- _Available data_

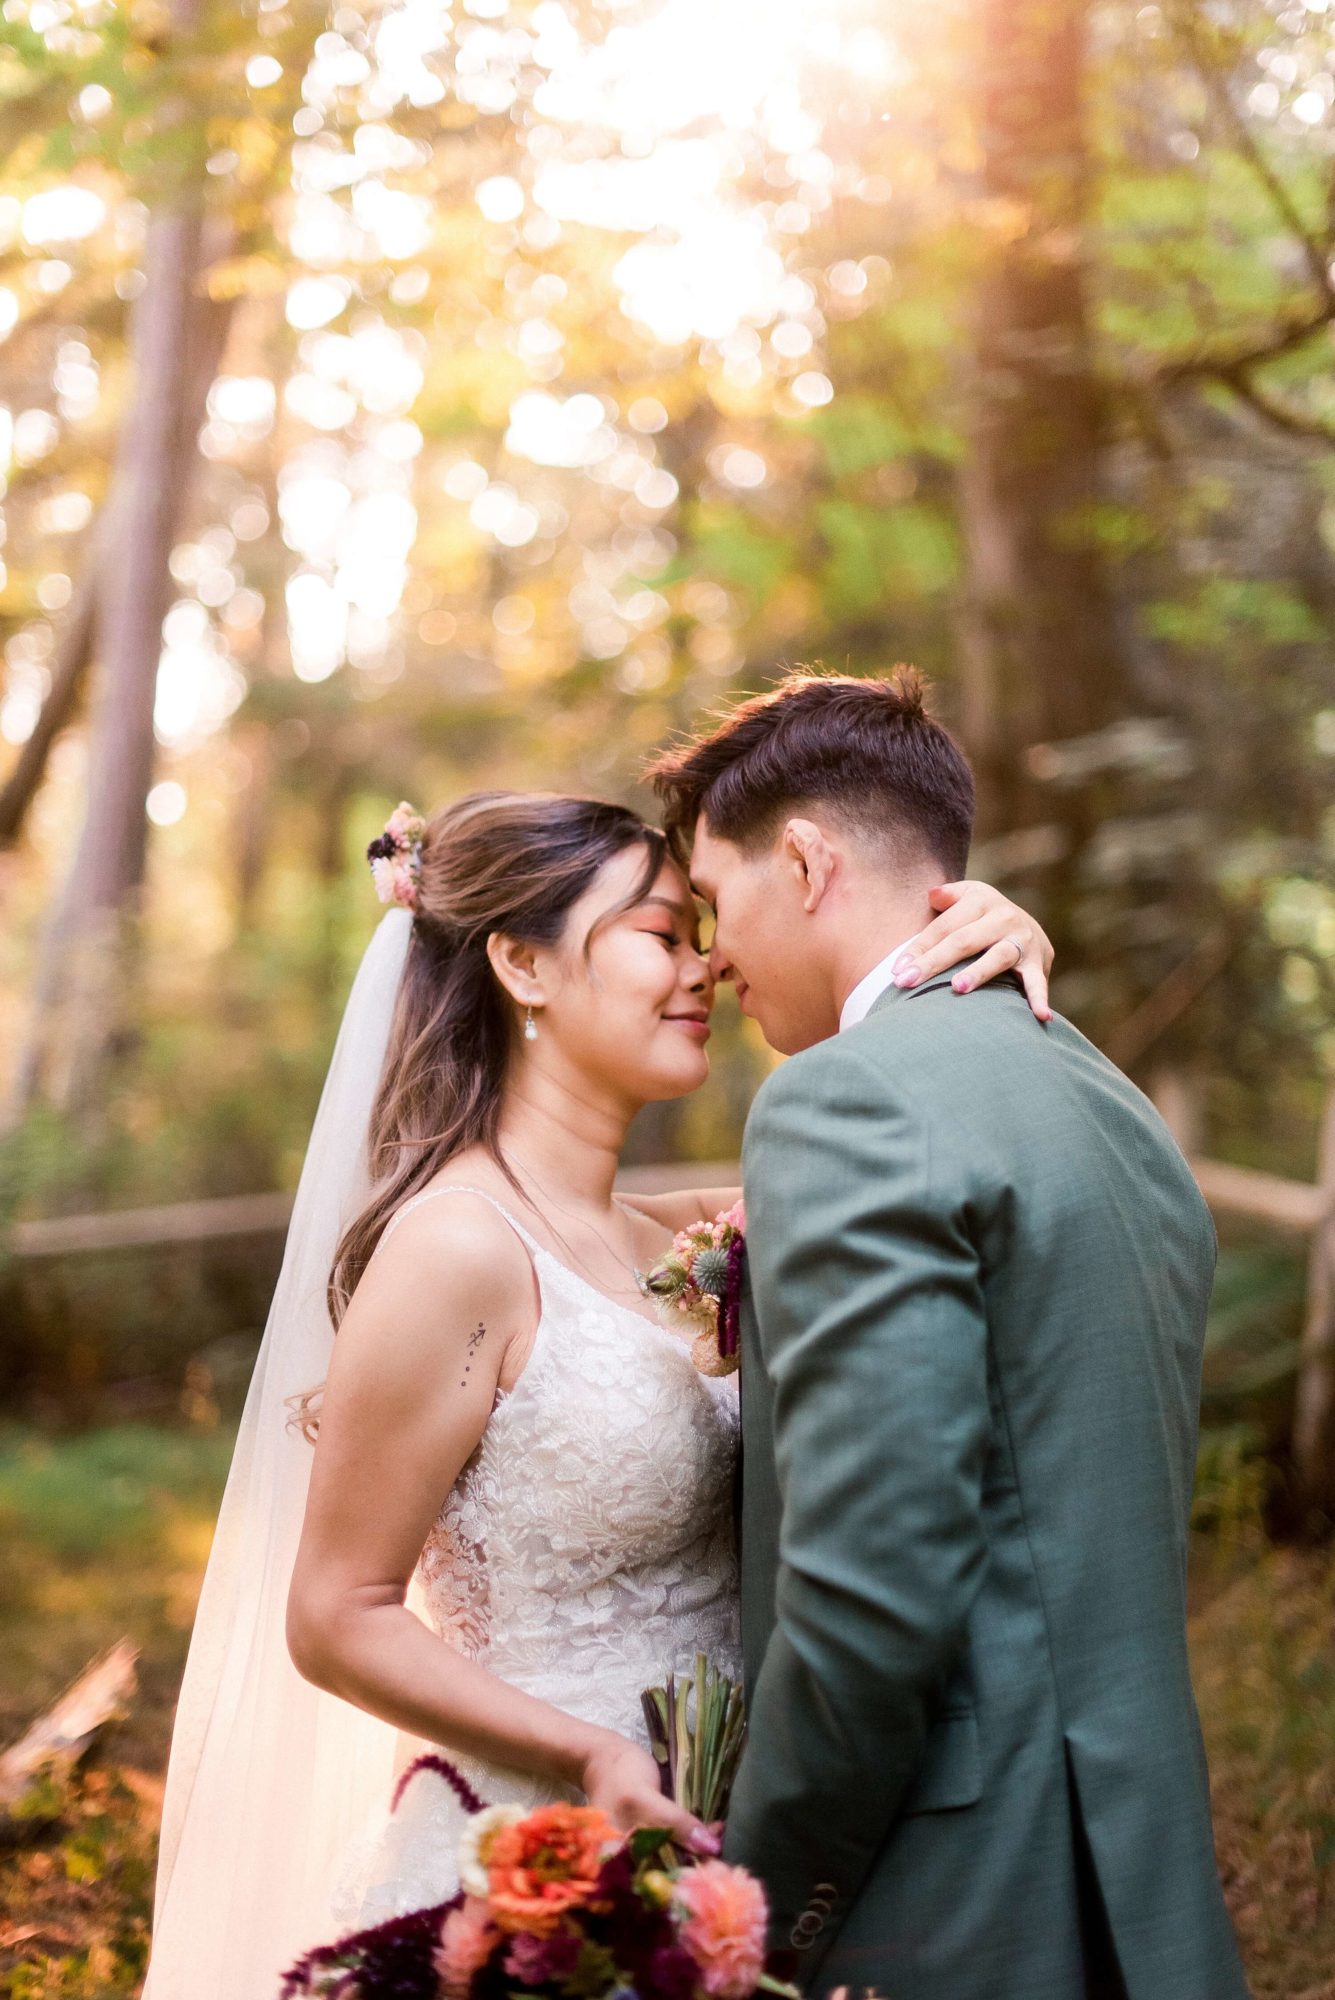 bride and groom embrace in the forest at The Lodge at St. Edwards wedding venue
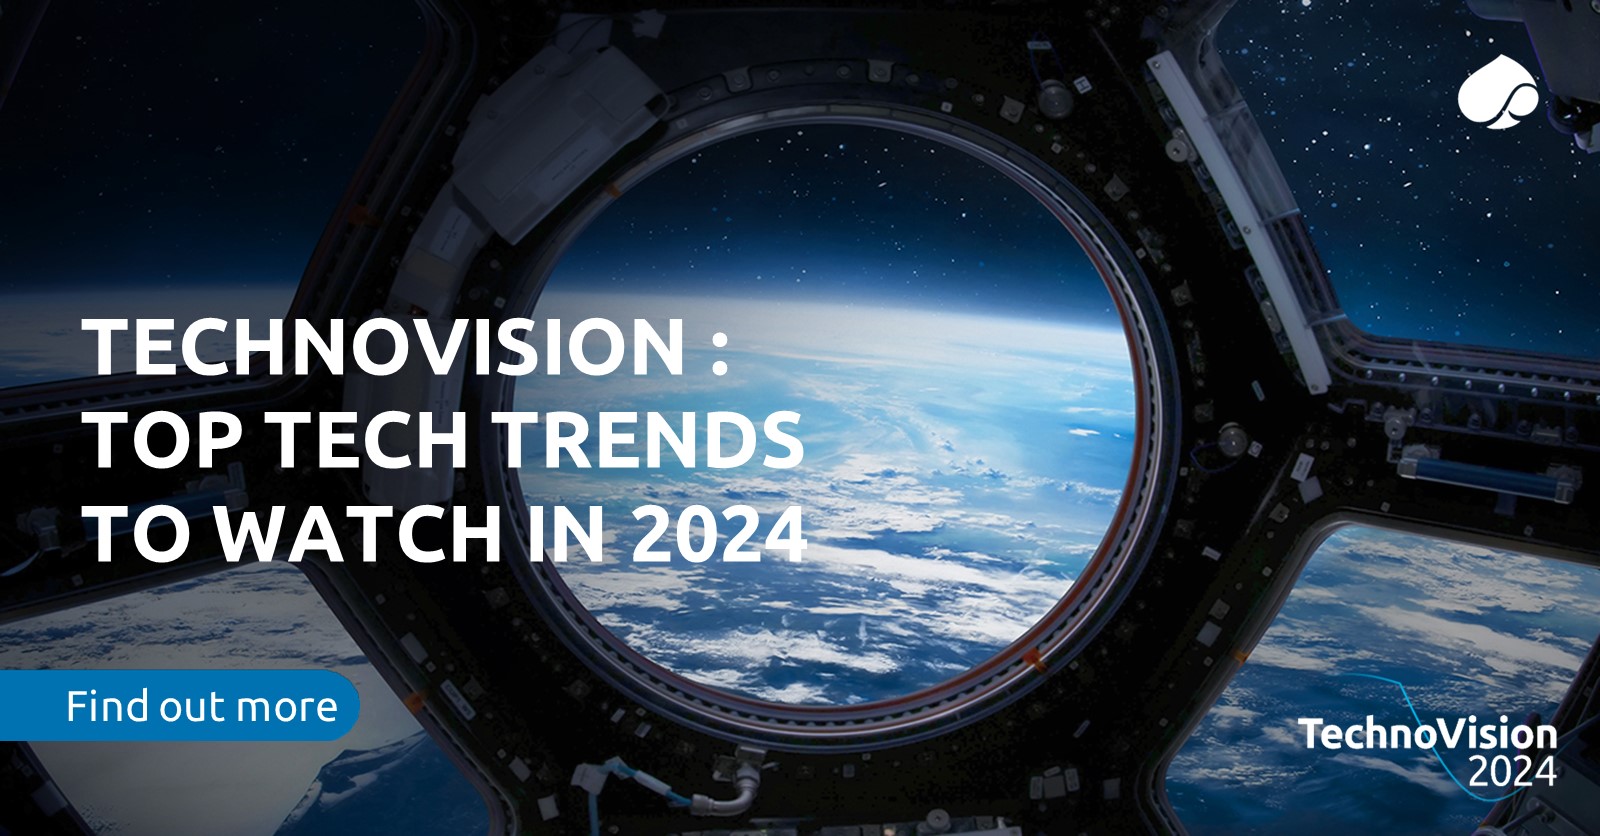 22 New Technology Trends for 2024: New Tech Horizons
==
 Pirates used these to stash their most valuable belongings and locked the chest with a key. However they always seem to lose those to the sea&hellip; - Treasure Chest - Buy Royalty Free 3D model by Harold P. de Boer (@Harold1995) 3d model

- _Work item_
Using the entries above, extract exactly the lines from the one that contains "bride and groom" through the one that contains "22 New Technology". Do not carry over any pictures.

- _Solution to the exercise_
 bride and groom embrace in the forest at The Lodge at St. Edwards wedding venue
 22 New Technology Trends for 2024: New Tech Horizons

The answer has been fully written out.